Method: Did you randomly divide 64 SCID male mice into model groups? Experiment Group A? In groups B and C, the prostate cancer orthotopic tumor model was established by intraprostatic injection of human LNCaP prostate cancer cell line. After the experimental group A, B and C were modeled, I used icariin for 2 weeks. Intragastric administration of 10mg/kg, 40mg/kg, 80mg/kg for 5 weeks, the model group was given normal saline as a control, and the androgen receptor (AR) and tendon homologous chromosome 10 were used by RT PCR. detected. Expression of missing phosphatase genes (phosphatase and tensinhomolog, deletion on chromosome, PTEN), detection of prostate cancer specific antigen (PSA) and phosphorylated AR (p?AR) by Western blot, and detection of LNCaP by flow cytometry Have you detected the cancer cell cycle in the prostate?

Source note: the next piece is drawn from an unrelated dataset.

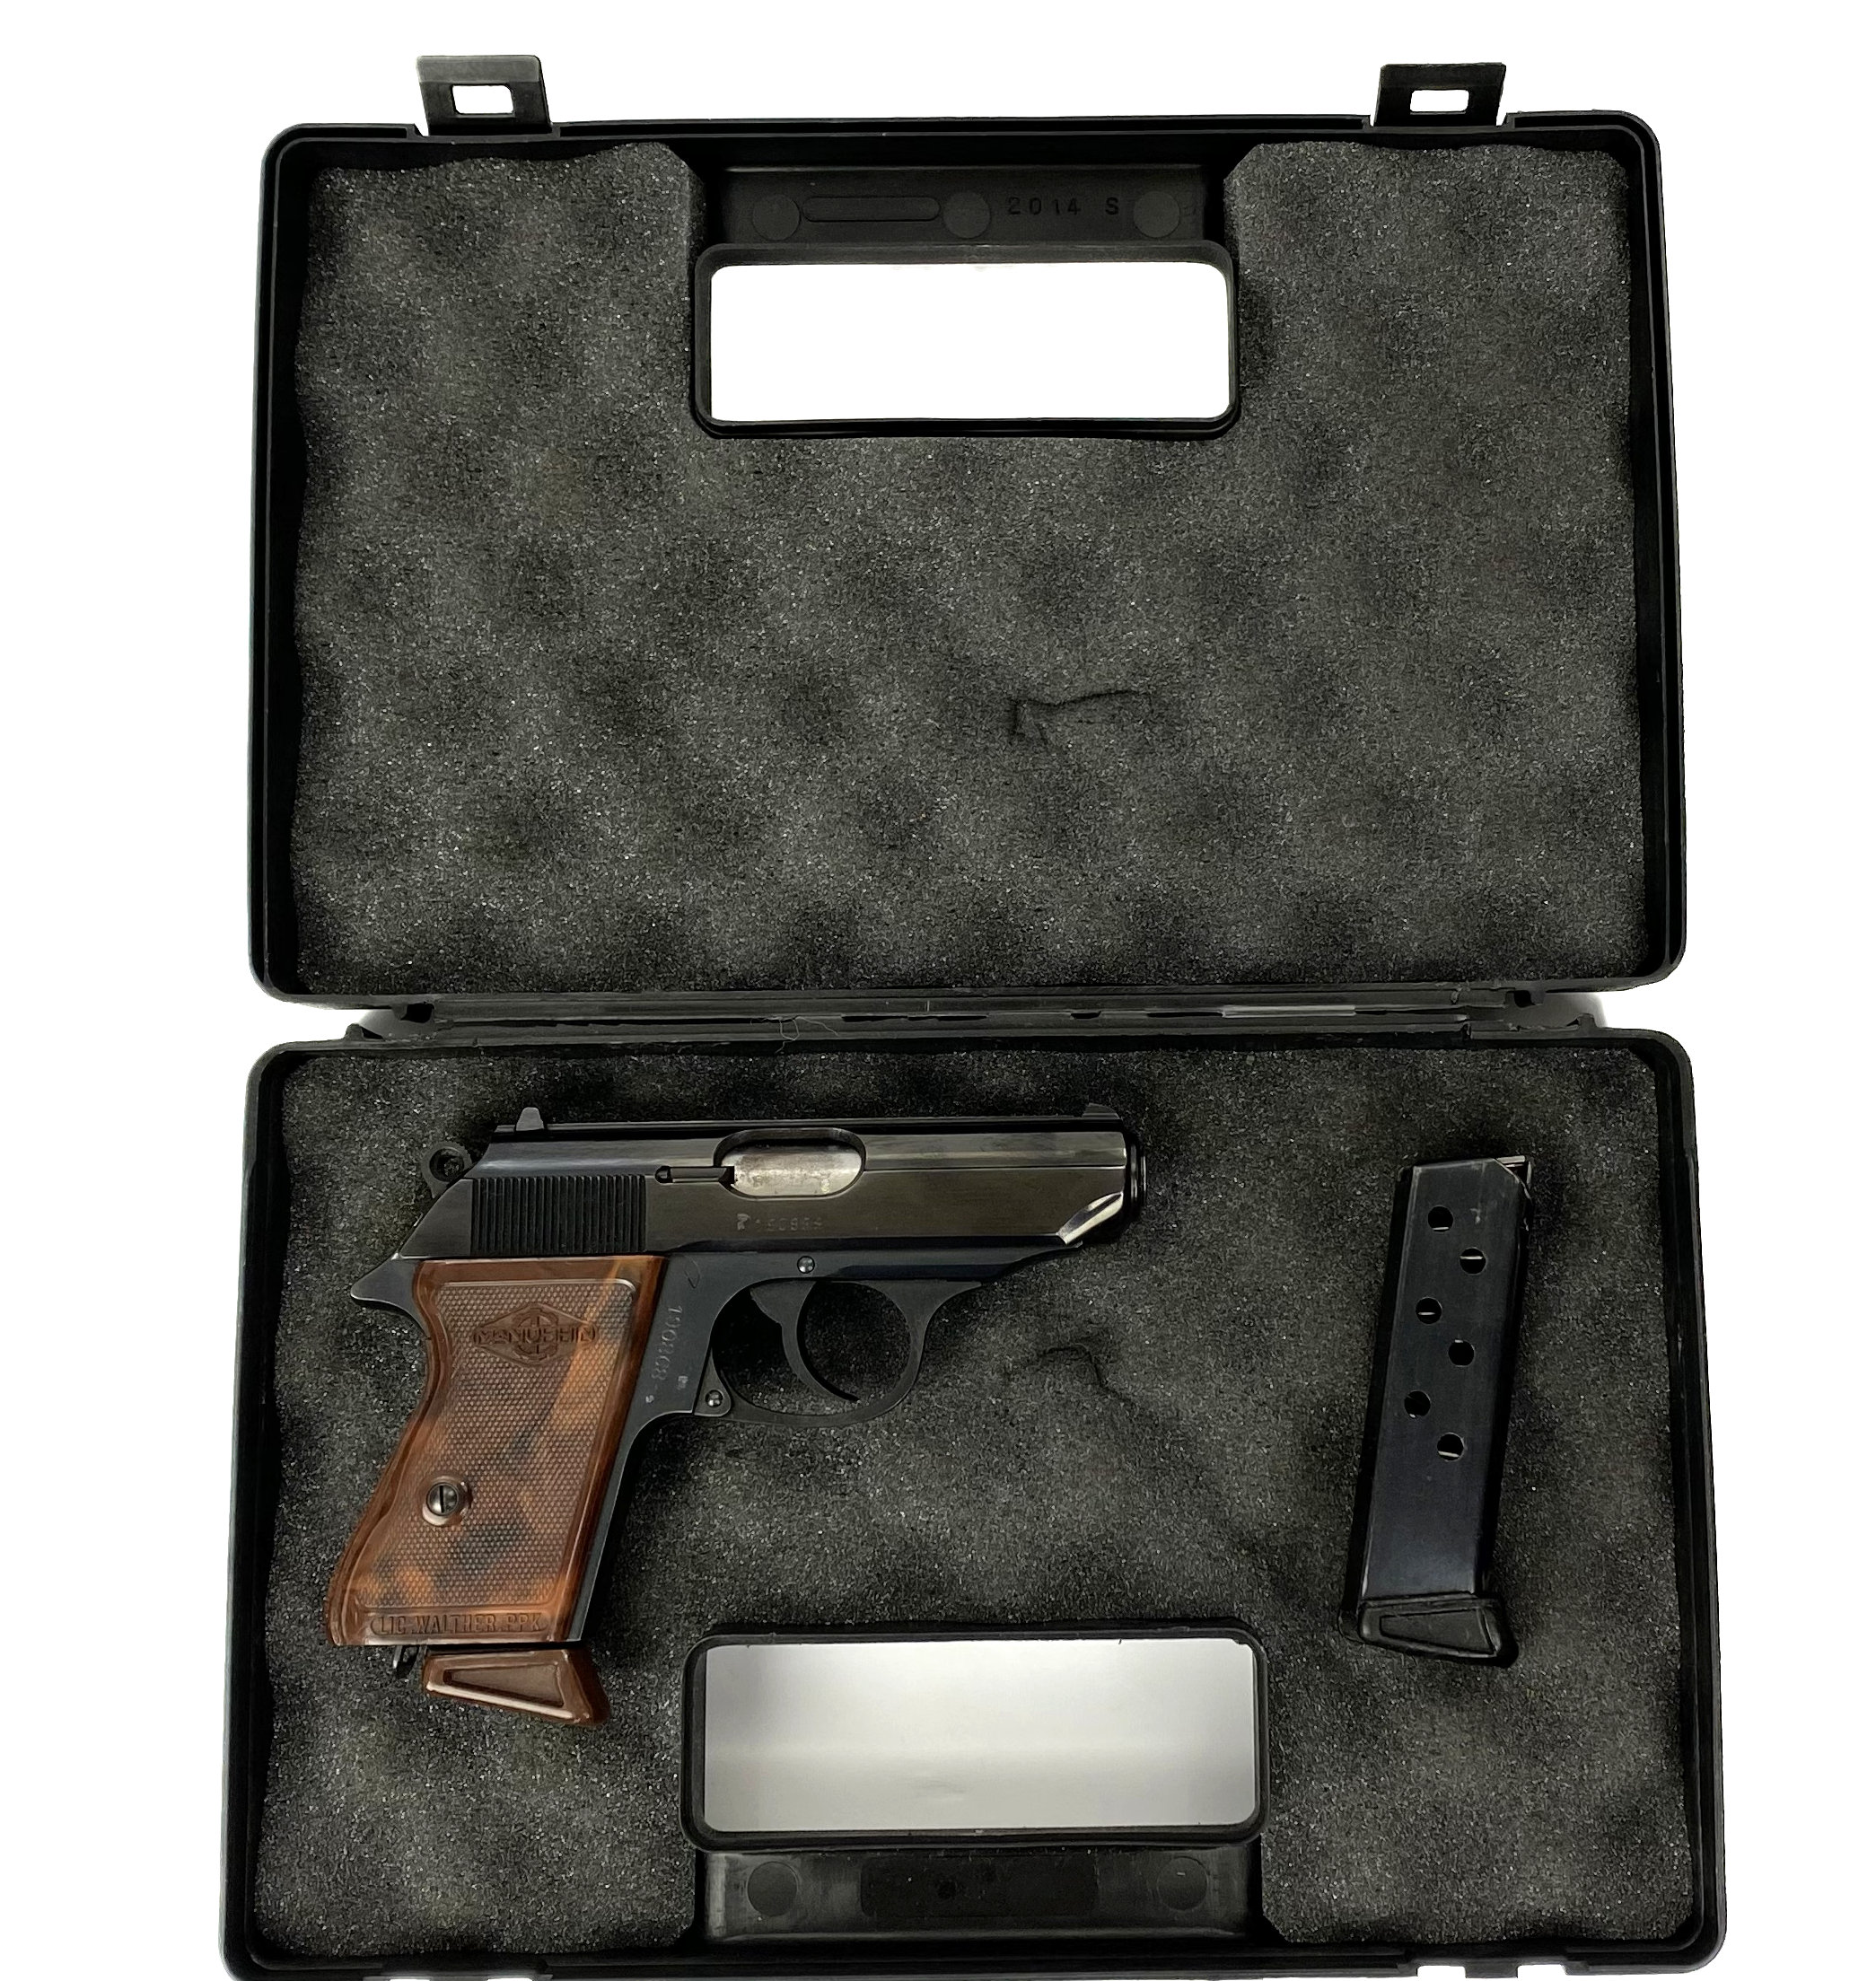 PISTOLET WALTHER MANURHIN PPK calibre 7,65 BROWNING 32 ACP

Result: AR? ? AR? In the model group, AR mRNA was highly expressed before and after treatment, and PTEN mRNA was low. The tumor suppression rate in the model group was low. There was no significant difference in tumor volume and tumor volume before and after treatment (P\→0.05). The tumor inhibition rates of groups B and C reached (42.53±5.72)% and (44.81±4.76)% respectively after treatment. Both groups have AR mRNA? Will low expression of pAR and PSA and high expression of PTEN mRNA reduce the ratio of G0/G1 cells? The proportion of S phase cells increases and the growth of tumor cells is blocked in S phase. Compared with the pretreatment group and the model group, is the difference significant (P\u003c0.05)?
Conclusion: Can cannabinoids inhibit AR phosphorylation? Will you increase PTEN expression and prevent the growth of S-stage tumor cells to inhibit the growth of prostate cancer LNCaP cells?